Это была катастрофа, и виновата в ней я была сама: зачем было писать Полине, какое прошлое, какие воспоминания, о чем? О том, как они тебя грабили? Хотела убедиться, что тот, кто ограбил один раз, ограбит и во второй, и в третий? Думала, что грабят только имущество, деньги? Не знала, что есть еще более страшный грабеж, когда уводят среди бела дня твоего ребенка? Руки у меня дрожали, и я очень долго не могла раскрыть эту пунцовую книгу. Ничего, я соберусь с силами, я прочитаю спокойно все, о чем написала Томка, и буду действовать. Я уже не та овечка, которая жила в Тарабихе! Я спасу свою дочь!

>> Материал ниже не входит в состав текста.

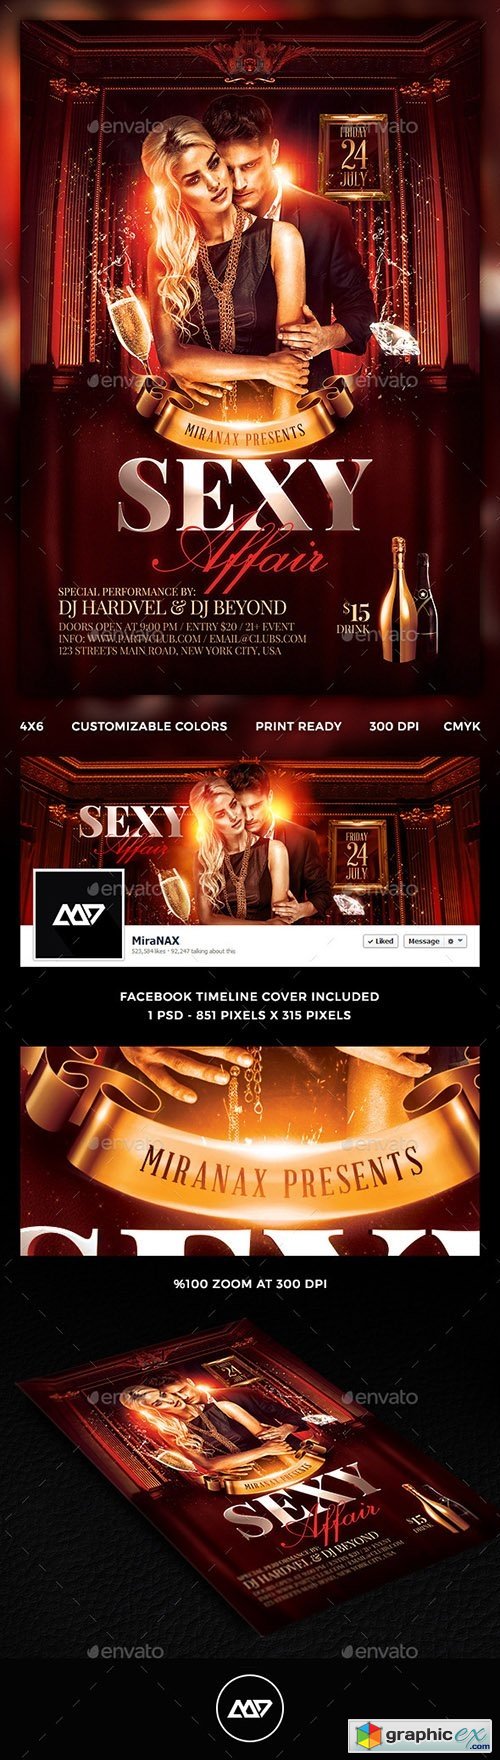 Sexy Affair Flyer Template PSD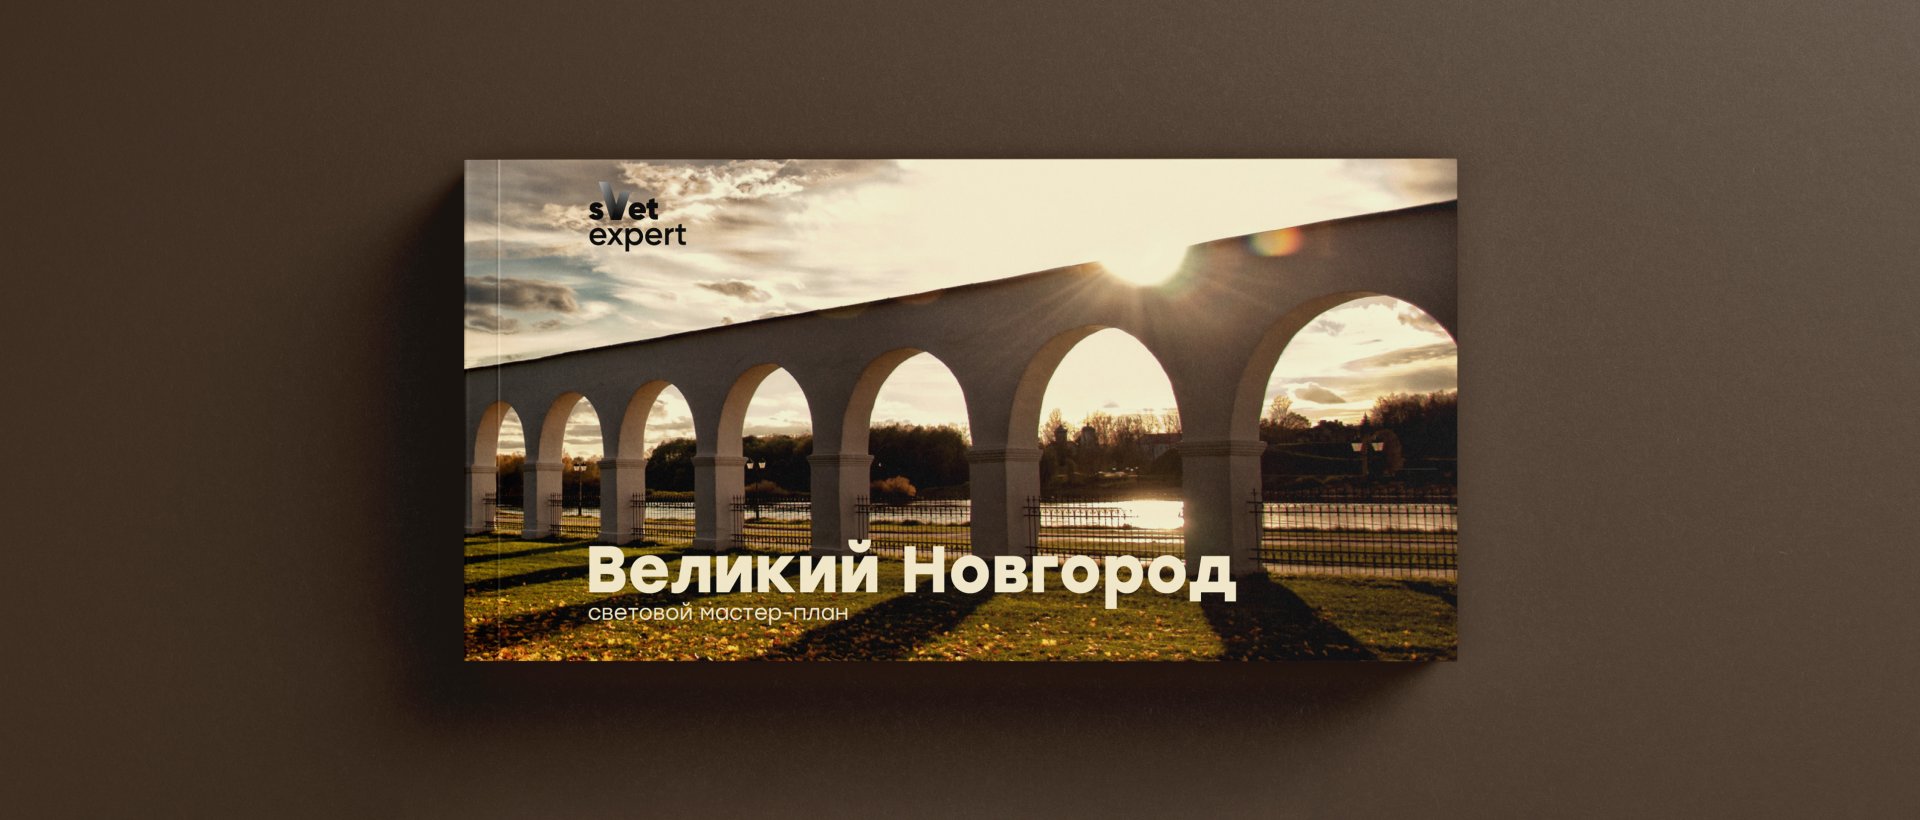 Мастер-план Великий Новгород - проект наружного освещения

Пойду в театр, вытащу на свет божий этого хорошо подстриженного служителя Мельпомены, я спрошу: думаете, это не преступление — влюбить в себя пятнадцатилетнюю девчонку, думаете, влюбленность в таких потасканных типов приходит к молоденьким дурочкам сама собой? Так вот, я вам сейчас открою глаза, я вам объясню, как это называется… Кажется, я унаследовала талант своей матери — угрожать.

Теперь понимаю, что все эти волнения были просто паникой, страхом за Томку. Я не успокоилась, читая ее записи, но это уже была другая тревога.

«…Ему не везет. Мама сразу это почувствовала и назвала его неудачником. Марину она тоже отнесла к этой категории. Какое счастье, что она не знает всей правды о Марине! Я не знаю, побежала бы мама в милицию или нет, но уж родителей Марины подняла бы на ноги. Мама вообще представляет жизнь как школьную тетрадку: постарался, написал правильно и красиво — получил пятерку, а насажал клякс, наляпал ошибок — и никого не вини, сиди и любуйся на справедливую двоечку. Некоторые родители измеряют жизнь своей молодостью: «Вот мы в наше время…» А мама — «другими». Эти таинственные «другие» живут где-то рядом, и вся их жизнь — пример сплошного благородства. «Вот другие такого бы себе никогда не позволили». В общем, этот дневник надо засунуть куда-нибудь далеко и надежно (любую новость она перенесет, только не ту, что я ее вижу насквозь). Так вот, дорогая мамочка…»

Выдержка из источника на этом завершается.